> _What the task asks_
Repeat the data exactly. Pictures are not part of the copy.

> _Data extract_
§
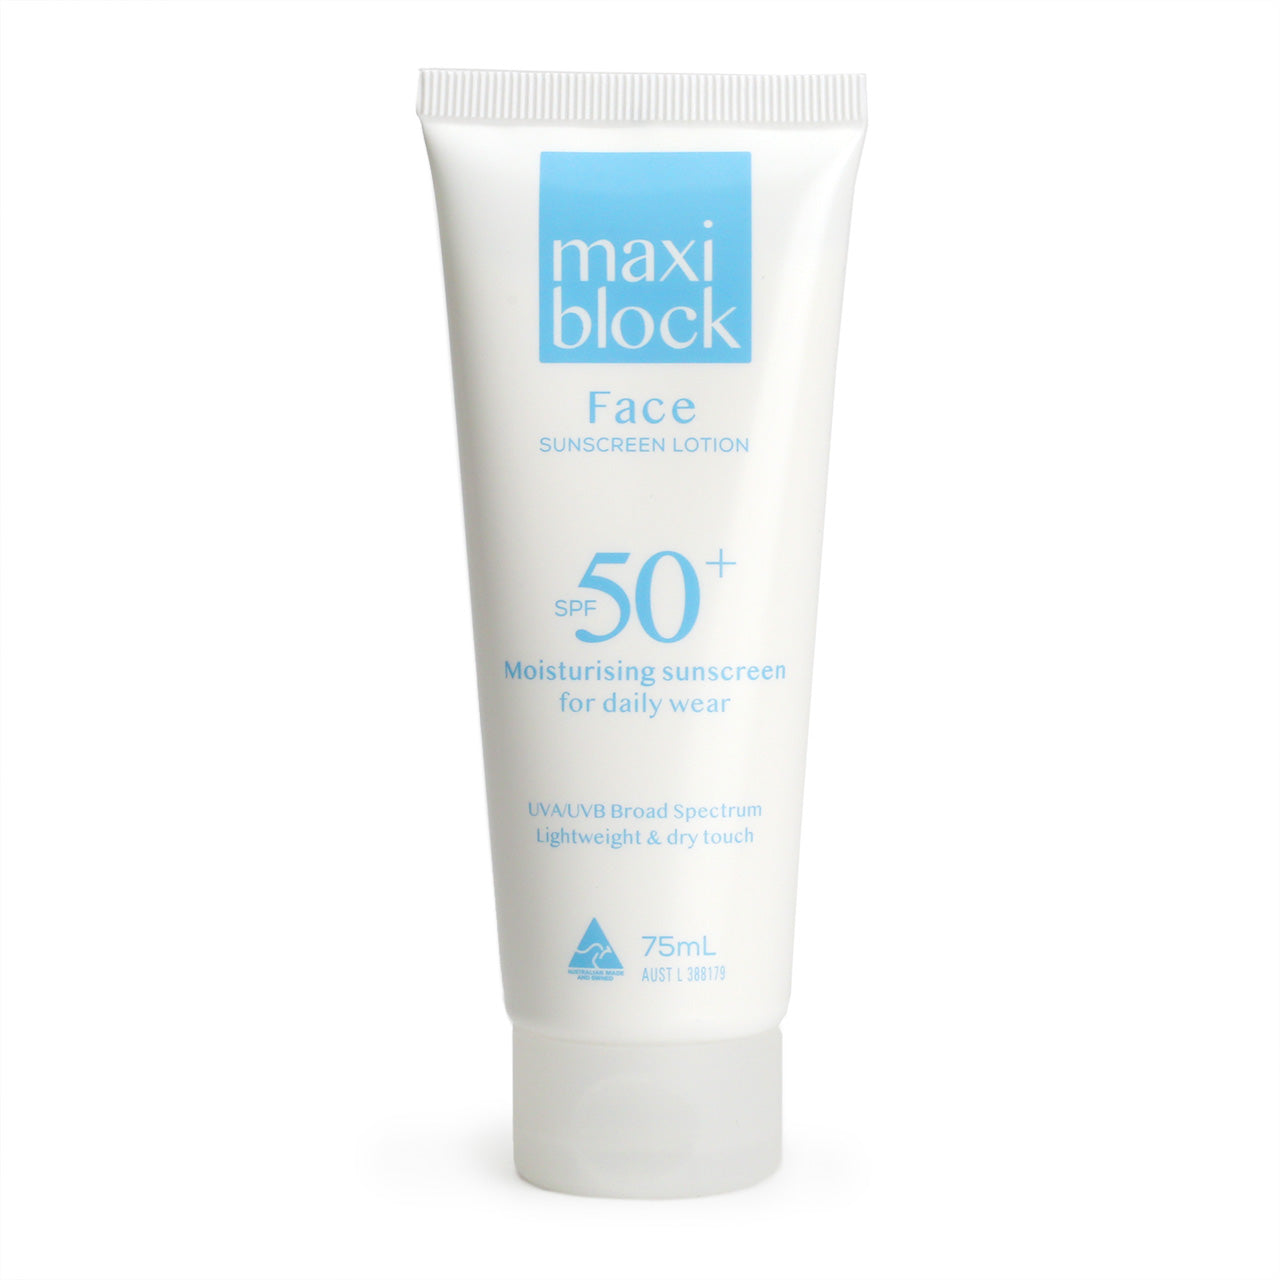 Maxiblock Face Sunscreen Lotion in white tube 75ml
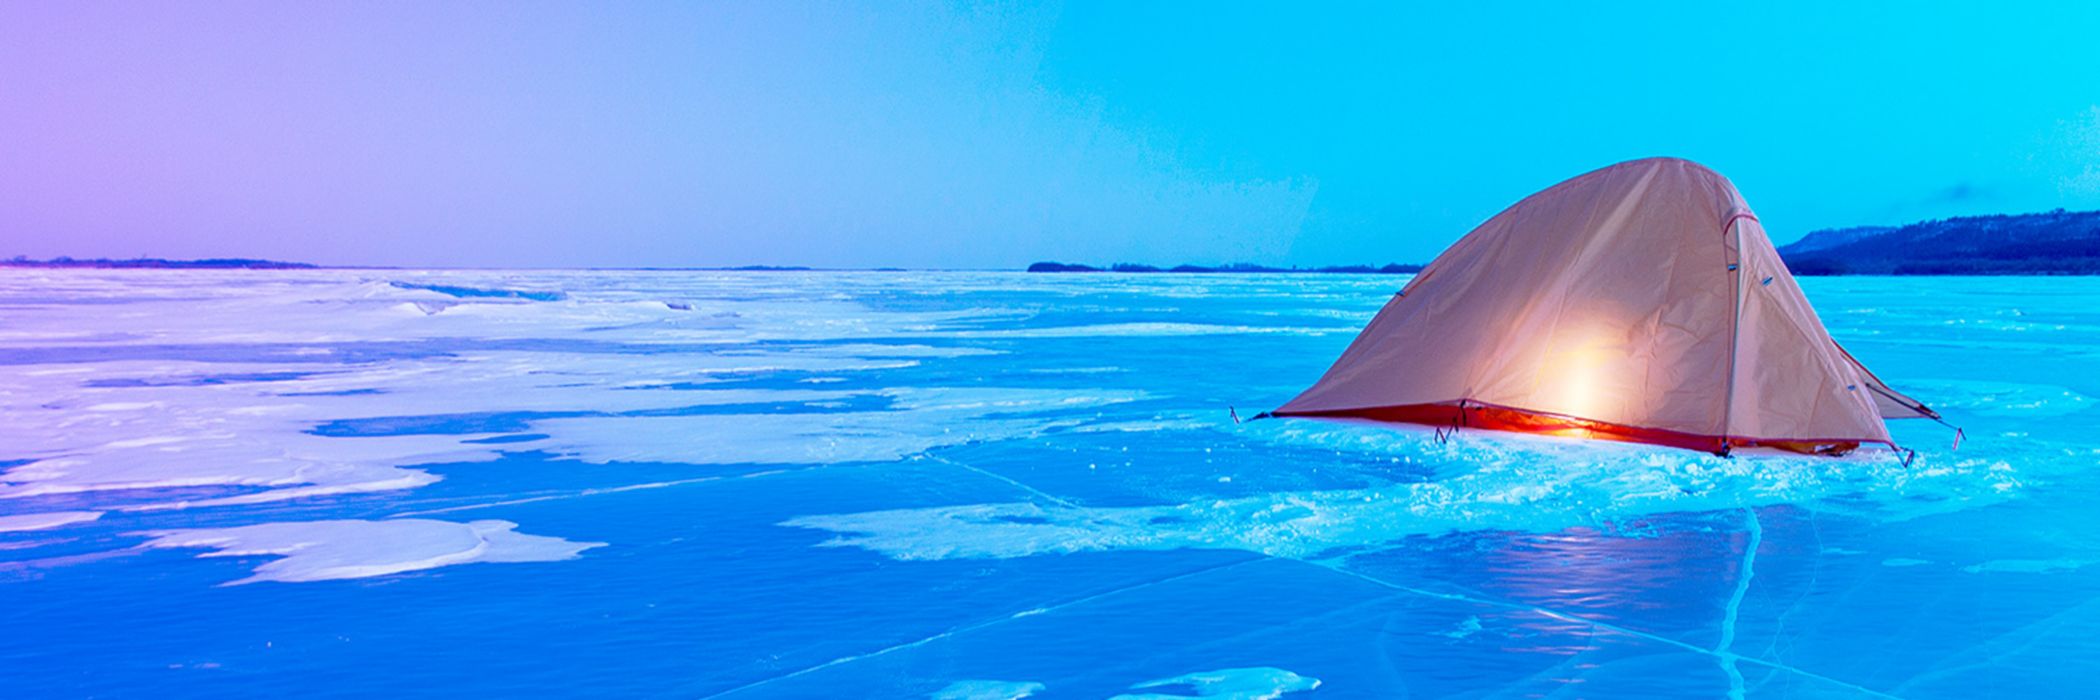 Tent on a frozen lake
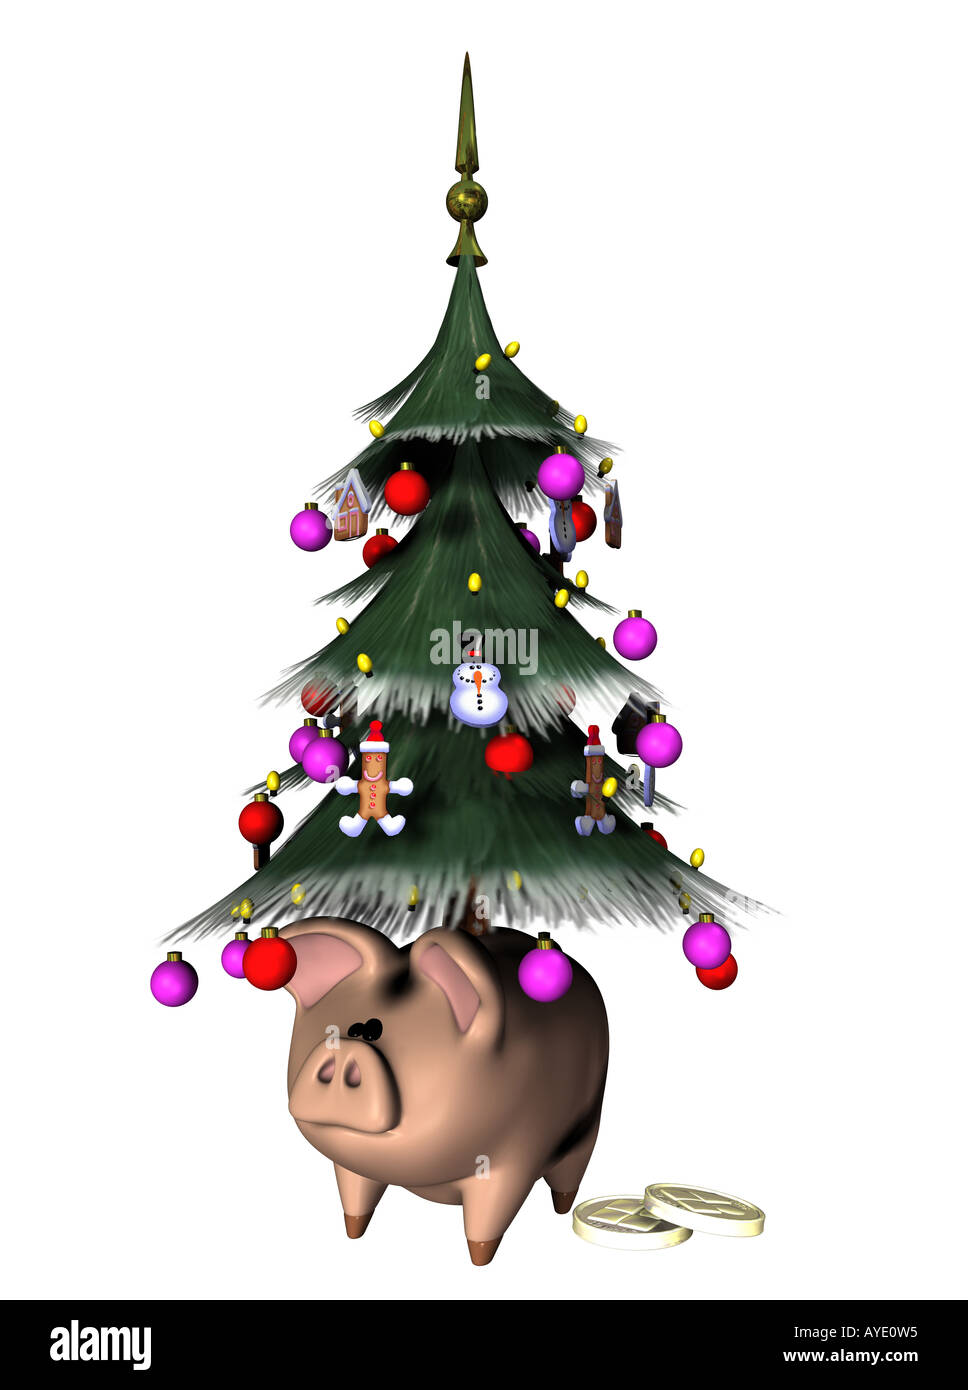 Arbre de Noël avec piggy bank Banque D'Images
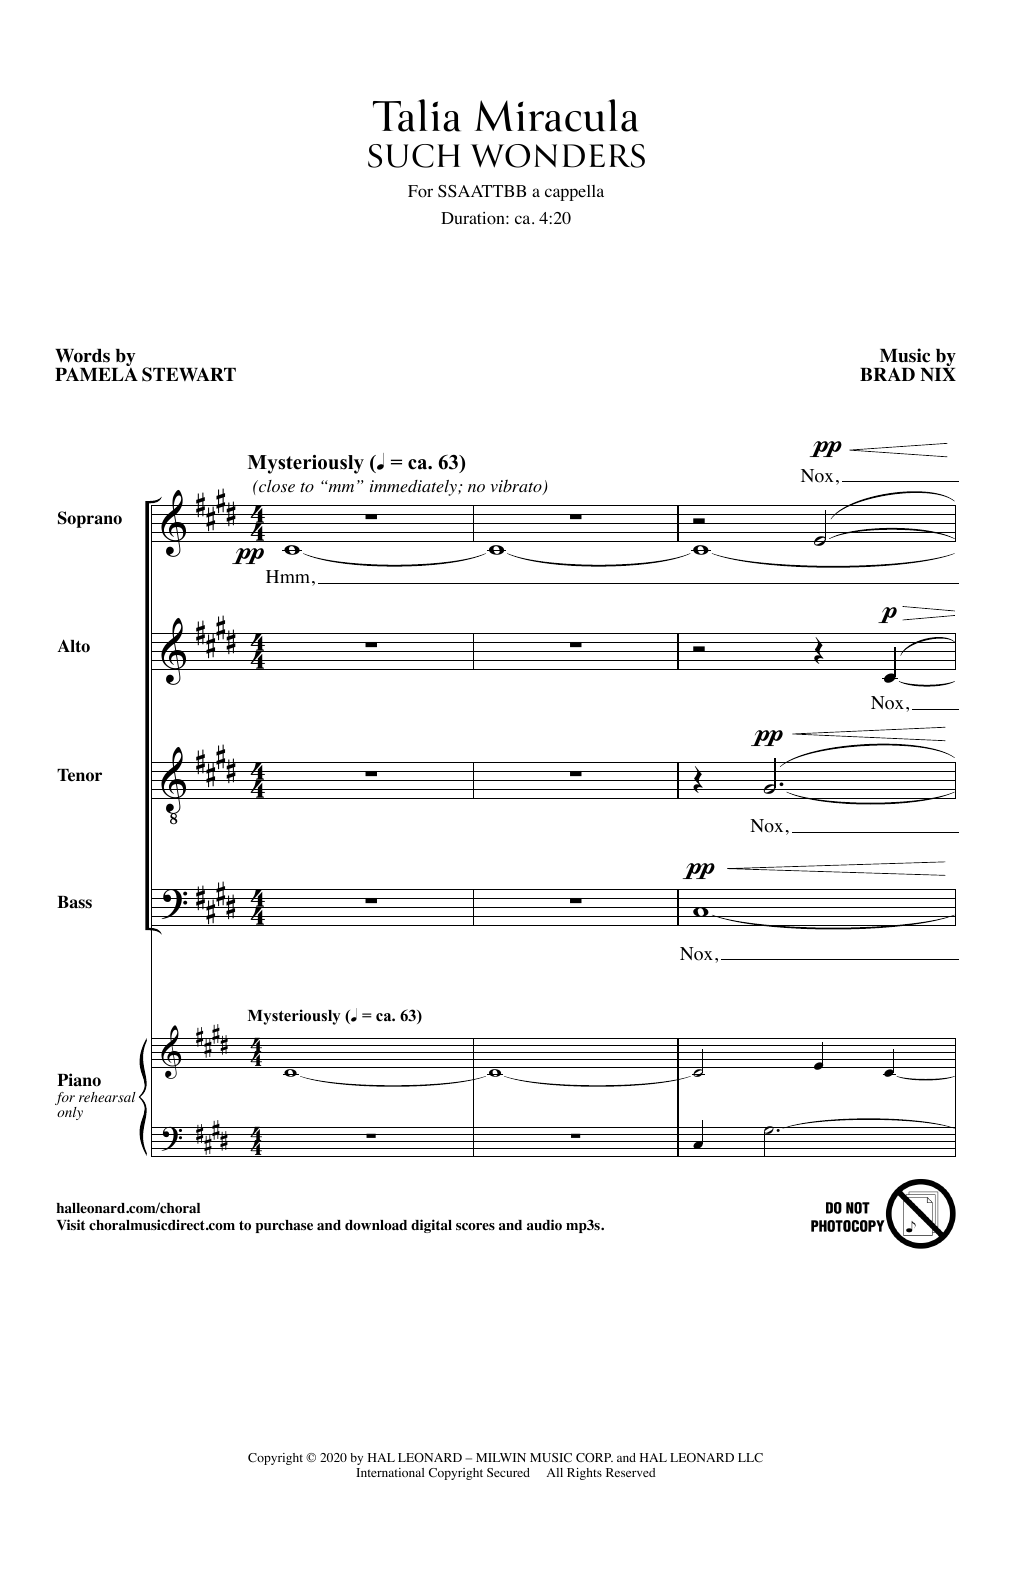 Pamela Stewart and Brad Nix Talia Miracula (Such Wonders) Sheet Music Notes & Chords for SATB Choir - Download or Print PDF
§
> _Exercise output_
 Maxiblock Face Sunscreen Lotion in white tube 75ml
 Tent on a frozen lake
 Arbre de Noël avec piggy bank Banque D'Images
 Pamela Stewart and Brad Nix Talia Miracula (Such Wonders) Sheet Music Notes & Chords for SATB Choir - Download or Print PDF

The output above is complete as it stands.